Facing empty taprooms, closed bars, and empty sports arenas. Some distilleries were compelled to divert their IPAs and pilsners to the production of hand sanitizer, forcing them to discard their tap beer.
However, the initial few months of economic instability sparked a wave of adaptability and innovation. Breweries have developed new and creative methods to interact with their consumers, such as handing them a cold beer. Indeed Brewing’s sales director Ryan Bandy adds that it’s always been claimed that beer is recession-proof, and now we’ve proved that it’s pandemic-proof.
Breweries were compelled to change course due to the outbreak of the disease. It was during the quarantine that brewers were able to take stock of their existing branding strategy. To better match their marketing, sales, and packaging with their post-COVID-19 strategic objectives. And this affected breweries and suppliers alike: think equipment and ingredients like wheat, barley, and Citra hops suppliers.
With more than 8,700 breweries in the United States, the competition is fierce, and the number of breweries “in development” is expected to grow by 1,200 soon. It’s not only the beer business that’s becoming more competitive; there’s also a massive increase of new alcoholic canned drinks. Wine, THC, and ready-to-drink cocktails provide a bewildering array of options for consumers, further separating tastes and generating unique preferences. As a result of this, promoting particular brands has never been more challenging.
Breweries must experiment with new marketing channels and fresh content to break through the very thick congestion that customers see today in the adult beverage sector to overcome these marketing obstacles.
Brews Direct To Consumer
One of the unintended consequences of COVID-19 for the craft beer sector was the relaxation of regulations governing beer shipment and home delivery to DTC (direct-to-consumer) customers. Delivery rules were eased to enable taprooms to compensate for lost in-person sales when breweries closed around the nation last year.
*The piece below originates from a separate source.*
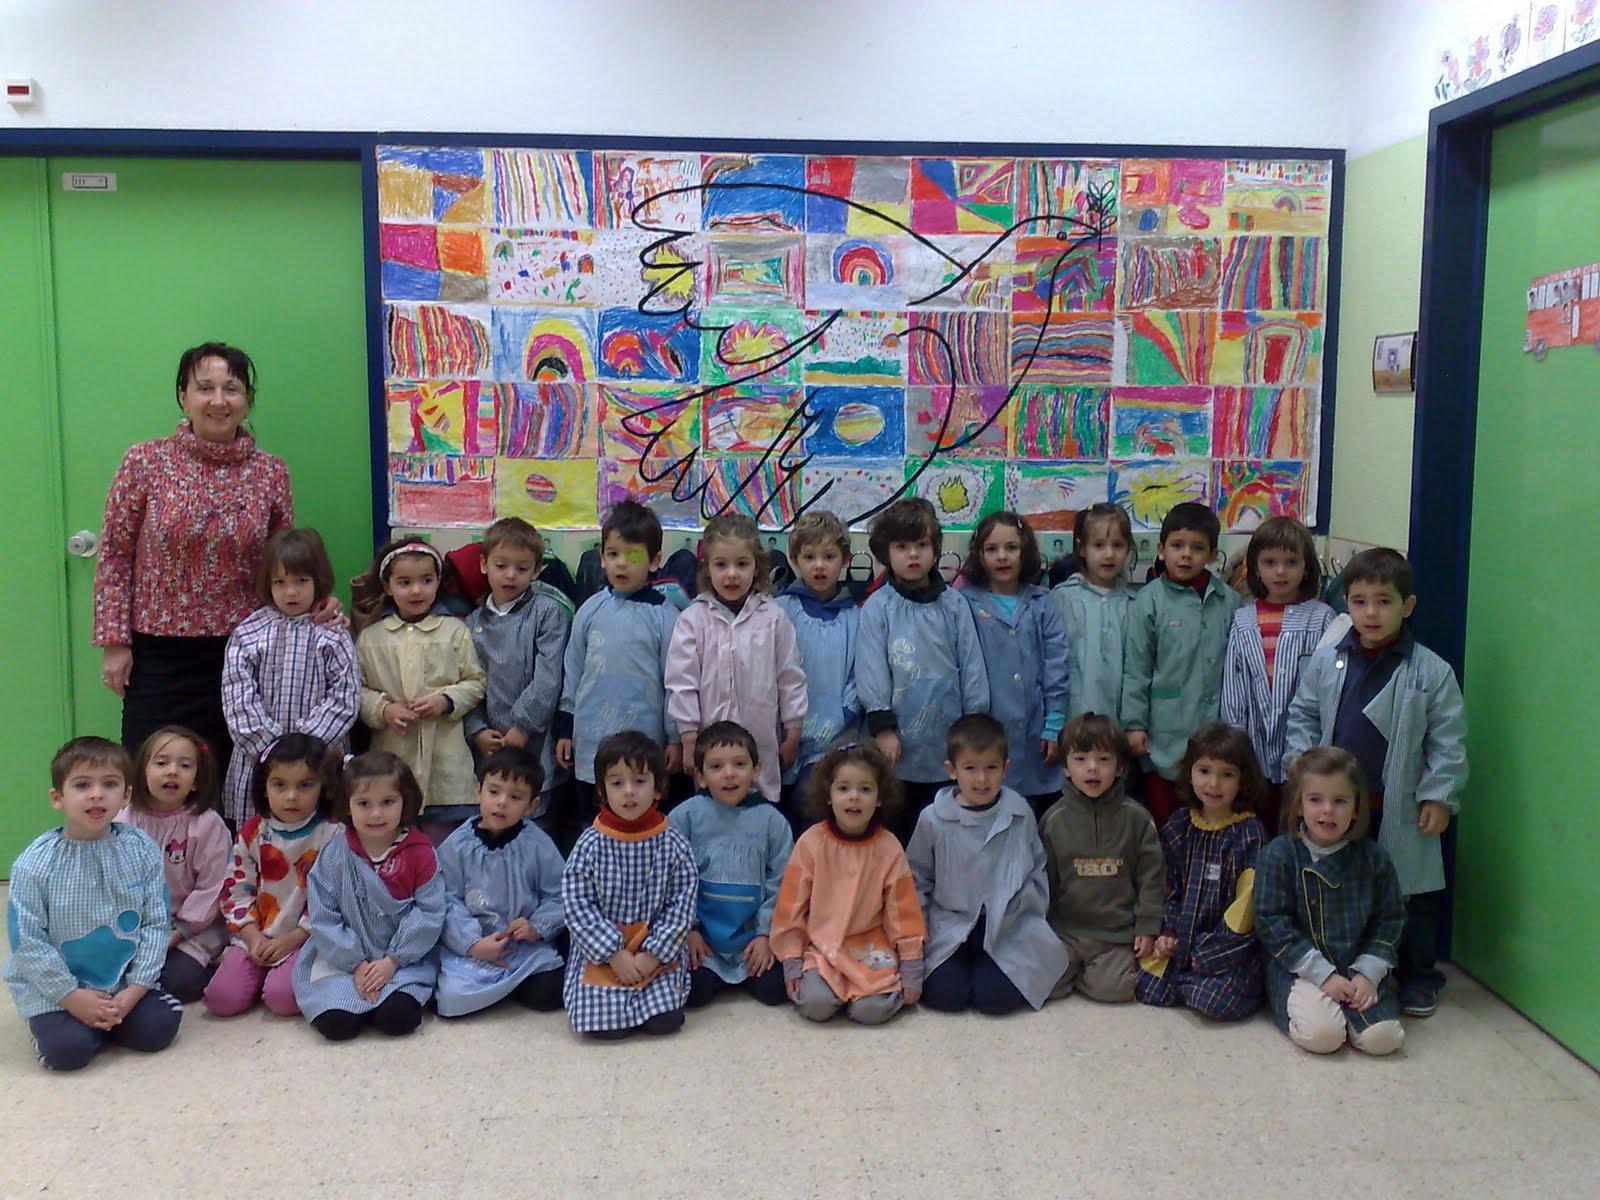 Amiguitos de infantil for Amiguitos del jardin

Since the epidemic outbreak, 25% of craft beer consumers have purchased beer from a brewery and had it delivered to their house, according to a SOVOS survey, with 7/10 respondents indicating they are interested in having craft beer delivered to their homes.
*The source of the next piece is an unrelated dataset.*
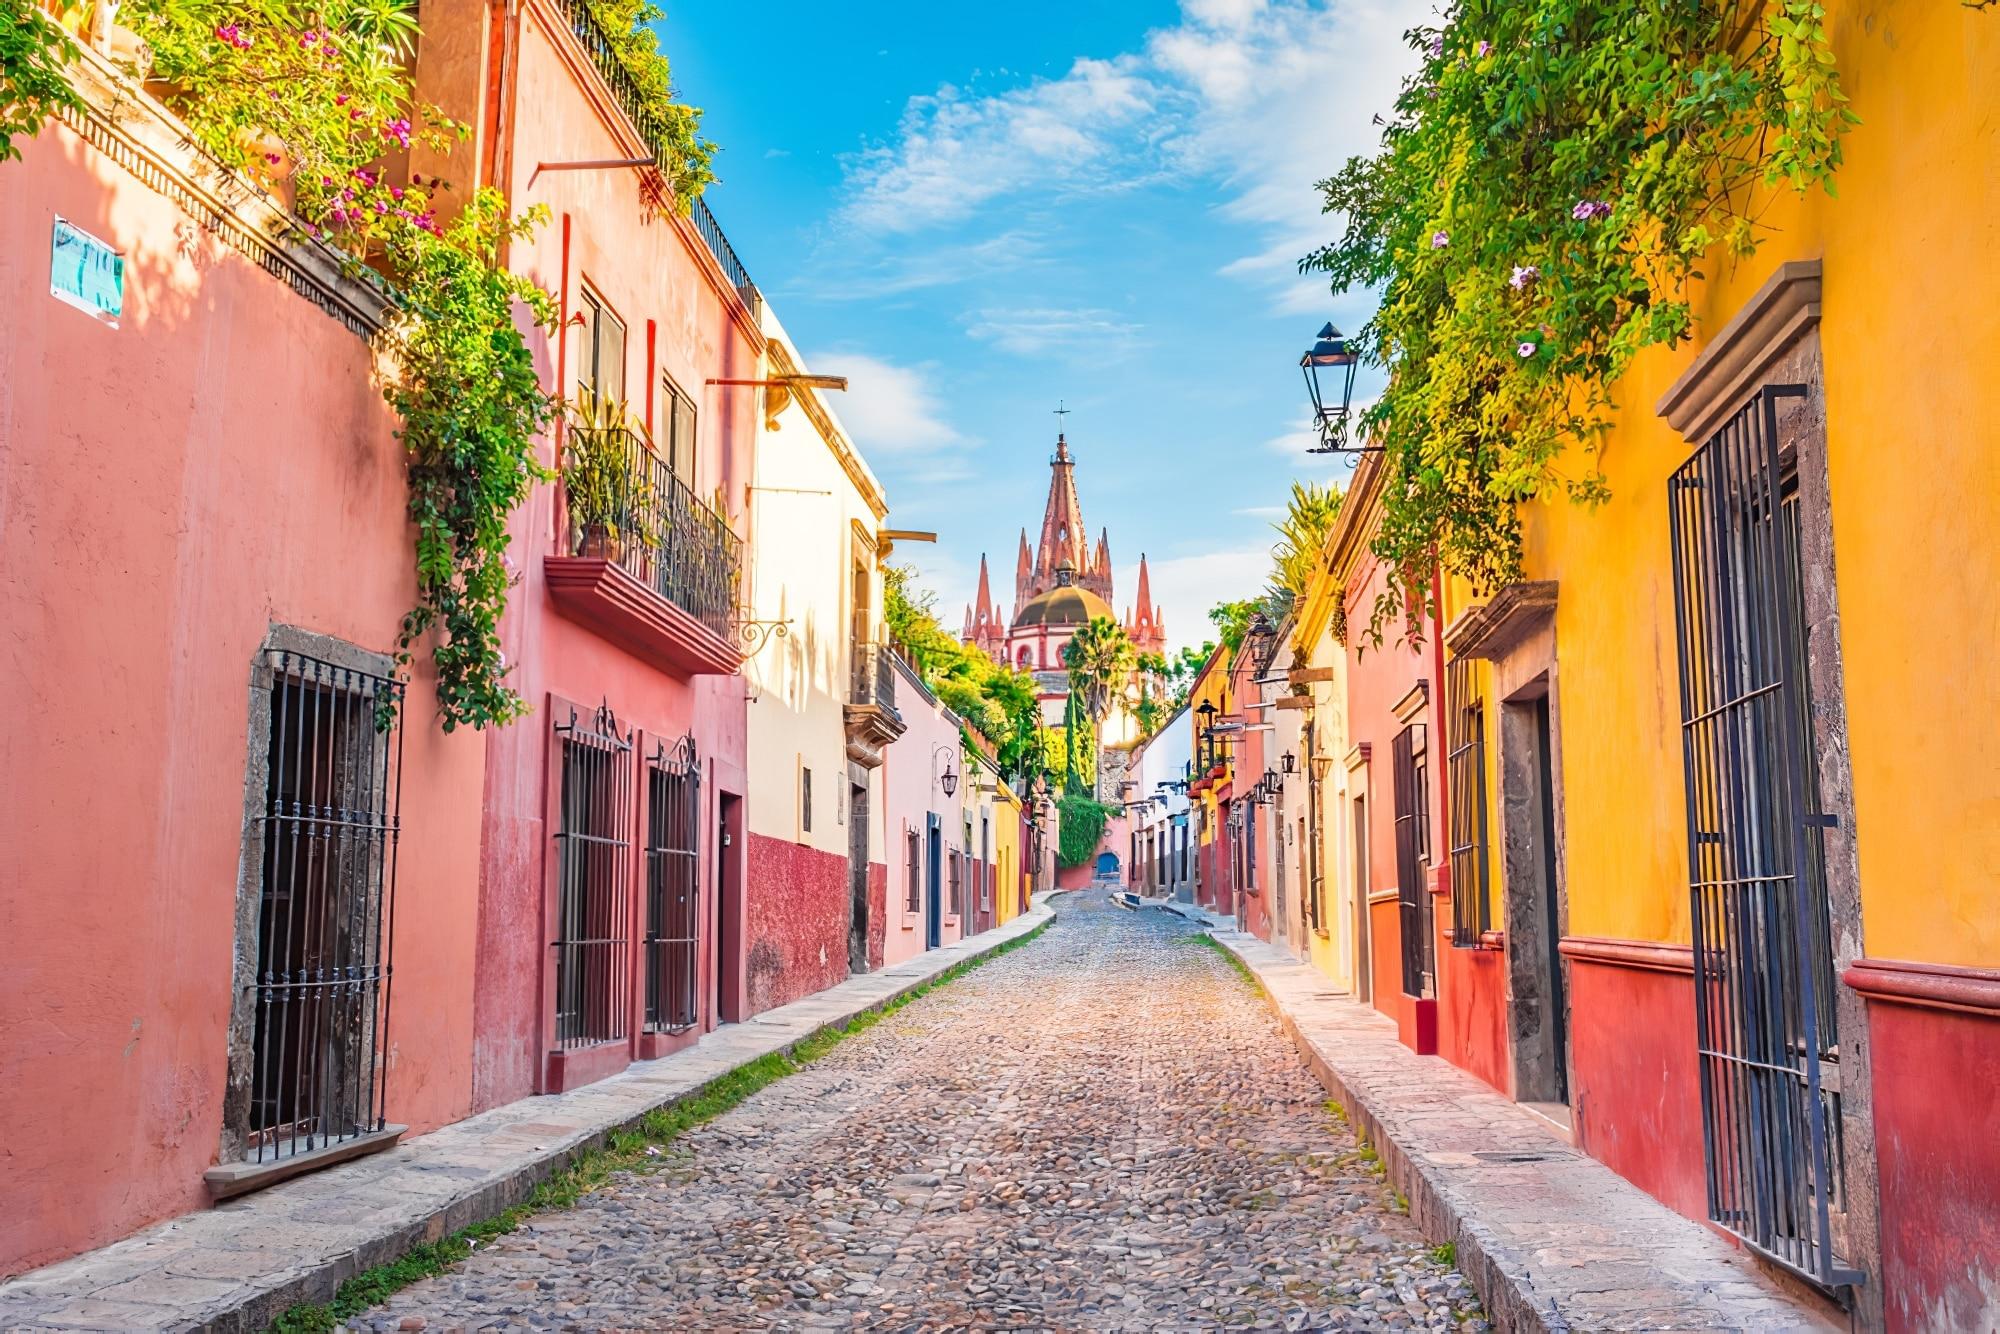 San Miguel de Allende à Guanajuato

Seventy percent of brewery owners indicated they would utilize direct-to-consumer shipping if it were allowed in their state, according to the SOVOS study. In 2021, craft brewers should expect DTC craft beer delivery to remain a significant growth area.
To adapt to changing in-person customer behavior in the post-pandemic period, brewers were forced to meet essential new requirements, including expanding outside seating, limiting the number of people who can sit inside, and offering contactless payment.
As local and state laws changed, breweries had to rapidly modify their websites and taprooms with new hospitality technology to stay current with their customers’ needs for safety, comfort, and enjoyment.
It is now possible to use anything from specialized POS software and smart kegs to NFC business cards. The use of brewery technology and the valuable data it generates is now essential for successful brewery operations and expansion.
Marketers must embrace the new on-premises dynamics and demonstrate in their materials how these new technologies and procedures assist in making the customer experience quicker, safer, and better for them. They should.
Taprooms & Brewery Spaces
It’s costly to rent office space and commercial real estate, particularly now that the virus has spread worldwide. That’s given new commercial brewing ideas, such as co-brewing spaces, a boost that they weren’t getting before COVID-19.
In some ways, co-brewing facilities are like co-working spaces like WeWork, but they are tailored specifically for craft brewers who want to take their business to a broader audience. Most of them are licensed to provide full-customer experiences in built-in taprooms and have brand-new brewing, packaging, and distribution facilities.
Due to financial constraints, breweries that are just starting or are on the cusp of success can not construct their brewing facility. Co-brewing spaces, apart from bringing brewers together to exchange ideas and resources, also bring facilities and property owners together.
COVID-19-related taproom closures have been reduced, thanks in large part to improved distribution. According to a Brewers Association impact assessment, brewery delivery sales increased by 31.8 percent just over six weeks after the outbreak. It took just a few weeks for the beer industry to alter its business model, and it will need to keep using these new distribution channels in the next year.
Beyond that, I’m seeing brewers use delivery to expand their goods by providing holiday gift boxes, mixed packs, and new subscription clubs, among other things. Delivery will be important in 2021, but it won’t be the only factor. Instead, the year’s highlights will be determined by what the brewers can fit in the box.